Median Filter for Denoising MRI

Median Filter for Denoising MRI

Chalghoumi SabrineSmiti Abir

BADEM, University of Tunis, Tunis 1007, Tunisia

LARODEC, University of Tunis, Tunis 1007, Tunisia

Corresponding Author Email: 
chalghoumisabrine@yahoo.fr
Page: 
483-488
|
DOI: 
https://doi.org/10.18280/ria.360317
Received: 
10 January 2022
|
Revised: 
10 April 2022
|
Accepted: 
15 April 2022
|
Available online: 
30 June 2022
| Citation

© 2022 IIETA. This article is published by IIETA and is licensed under the CC BY 4.0 license (http://creativecommons.org/licenses/by/4.0/).

OPEN ACCESS

Abstract: 

Medical imaging plays an essential role in diverse medical diagnosis processes and can be used to recognise an early detection of Alzheimer's disease. Medical image segmentation helps us to pull out precious knowledge from a large quantity of medical image data. For better image segmentation, further phases must be processed in order to succeed in reading medical images clearly and to extract the exact stage of Alzheimer's disease. Such a step, reducing noise from MRI. Gaussian noise and Salt and pepper noise are examples of noises present in images. There are many denoising techniques, like the filtering domain and especially the median filter that proves its effectiveness in reducing the Salt and pepper noise. In this paper, we propose an extension work of the median filter method. In this paper noisy pixels are detected using the occurrence of intensity values 0’s and 255’s and uses 3x3 size windows to have better information about the center neighbors. Tested on noise in the range 20% to 80% and applied on Magnetic Resonance Imaging data set from the Alzheimer's disease Neuroimaging Initiative database. The results demonstrate the effectiveness of our algorithm compared to the standard and other improvements.

Keywords: 

Alzheimer's disease, ADNI, MRI, denoising, salt and pepper noise, median filter

1. Introduction

The most important challenges in the medical domain are the analysis of biomedical data or medical images, detection or diagnostic of certain diseases as well as the extraction of understandable knowledge and patterns from medical imaging or diagnosis data [1] because such objects may be too complicated to be represented correctly by a simple equation [2].

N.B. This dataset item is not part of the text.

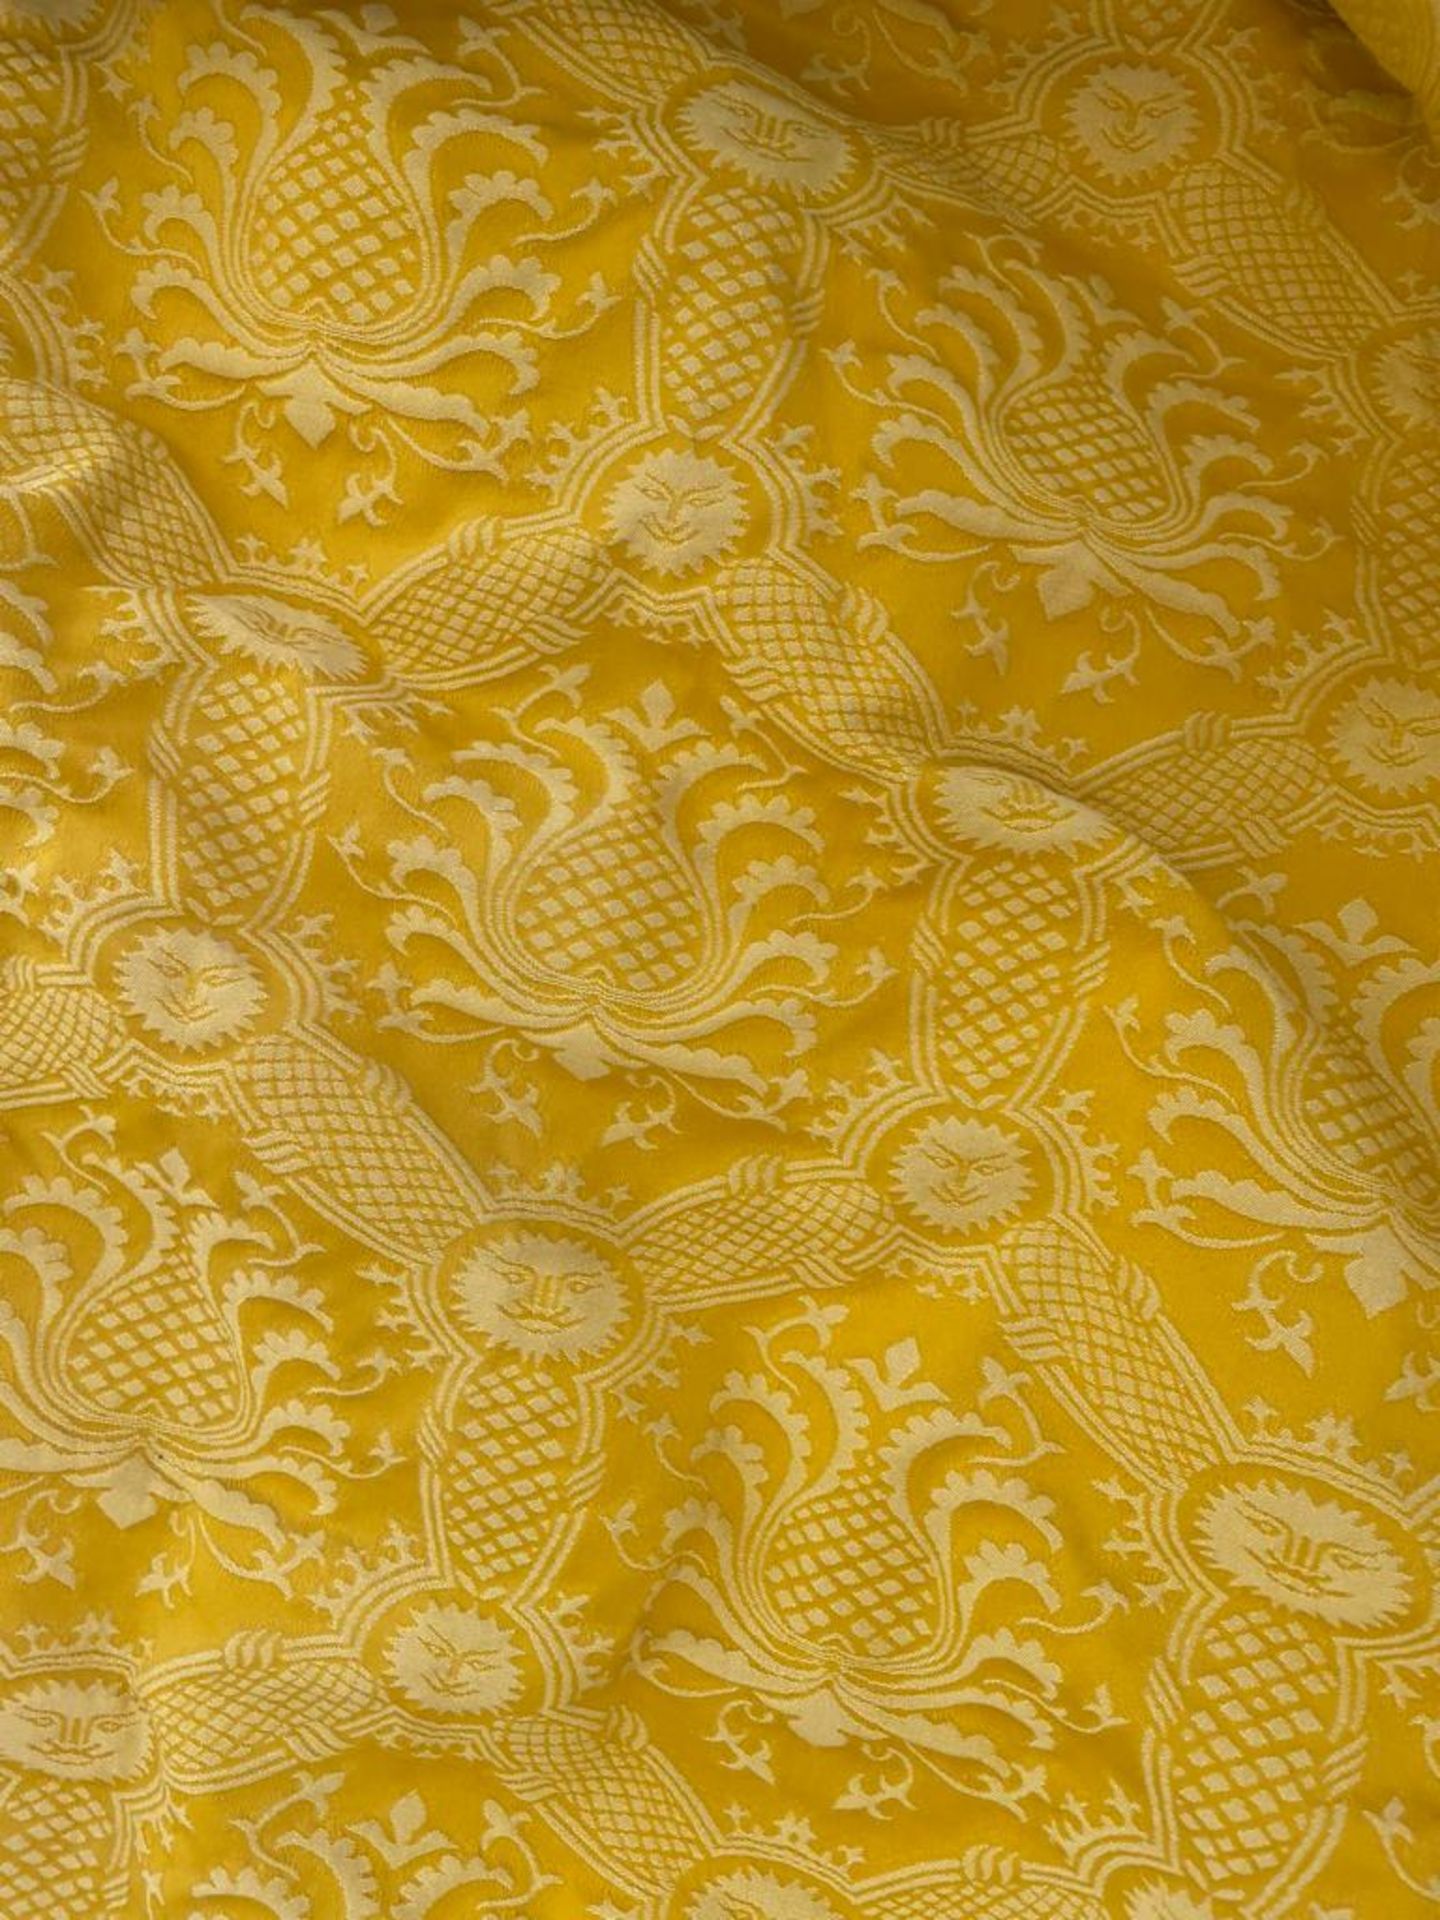 1 x Pair of Embroided Fabric Curtains With Liner - Features a Sun God Design in Yellow - NO VAT ON
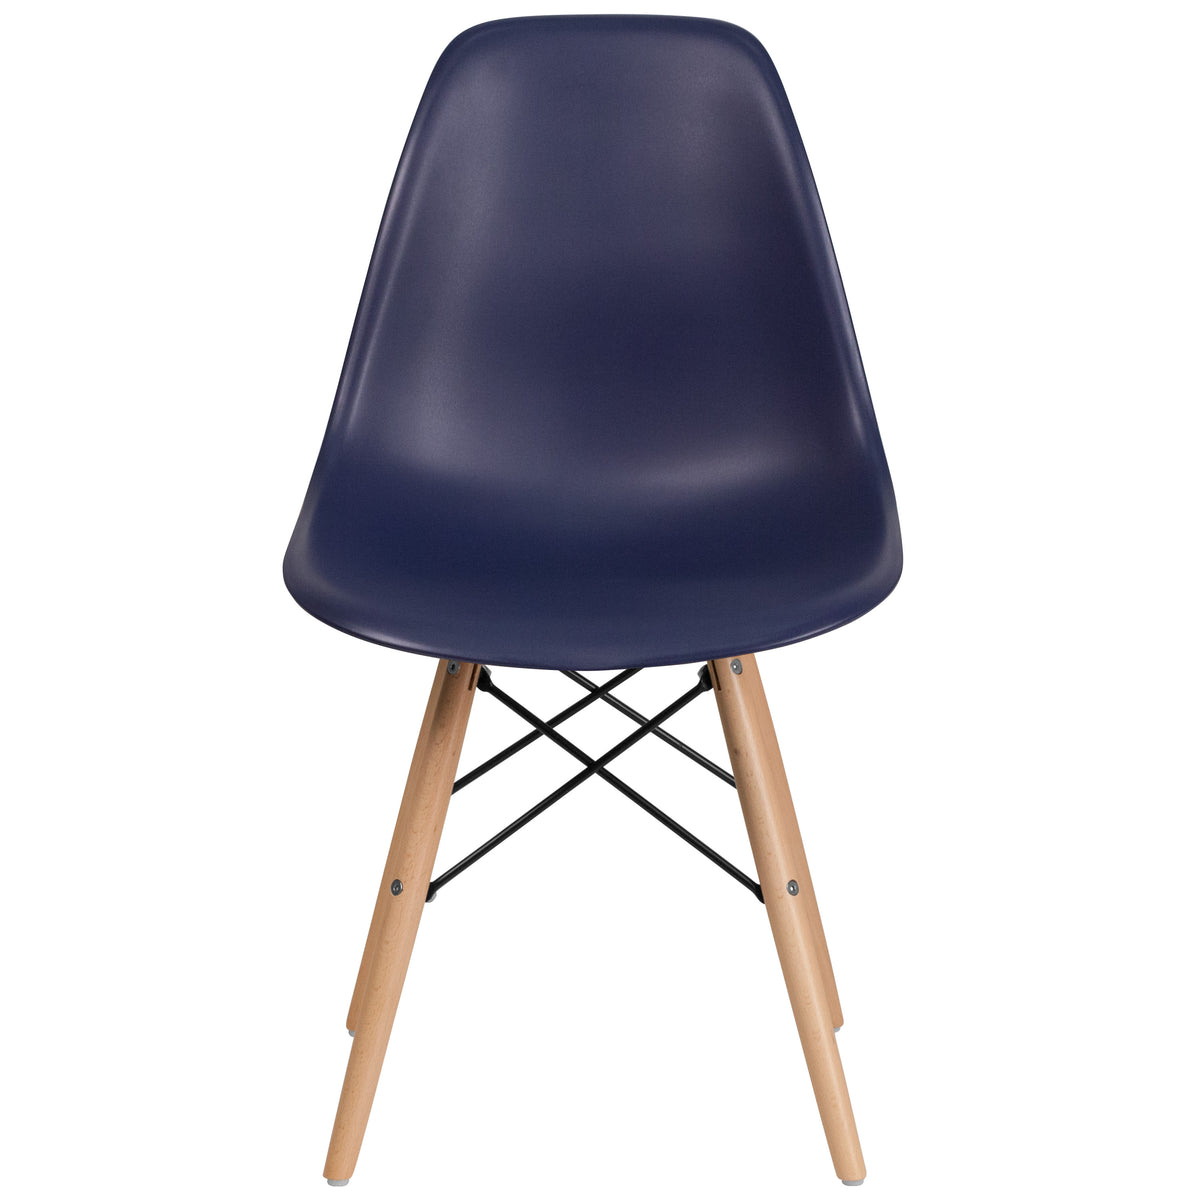 Navy |#| Navy Plastic Chair with Wooden Legs - Hospitality Seating - Side Chair

Among the evolutive medical studies nowadays, we can mention the Alzheimer's disease which is the disease of the century. It is an irreversible, progressive brain disorder characterized the loss of cognitive and thinking functioning, remembering, reasoning, and behavioral abilities. It slowly destroys memory, thinking skills, and eventually the ability to carry out the simplest tasks. It is therefore imperative to detect this disorder at the earliest stage possible so that their progression can be slowed down.

Medical imaging plays an essential role in diverse medical diagnosis processes and has an important role in understanding brain functionalities and its disorders during the last couple of decades. Some often used ones include Positron Emission Tomography (PET) [3], Magnetic Resonance Imaging (MRI), Cerebro-spinal Fluid (CSF), Single-Photon Emission Computed Tomography (SPECT) and Computerized Tomography (CT scans) [4].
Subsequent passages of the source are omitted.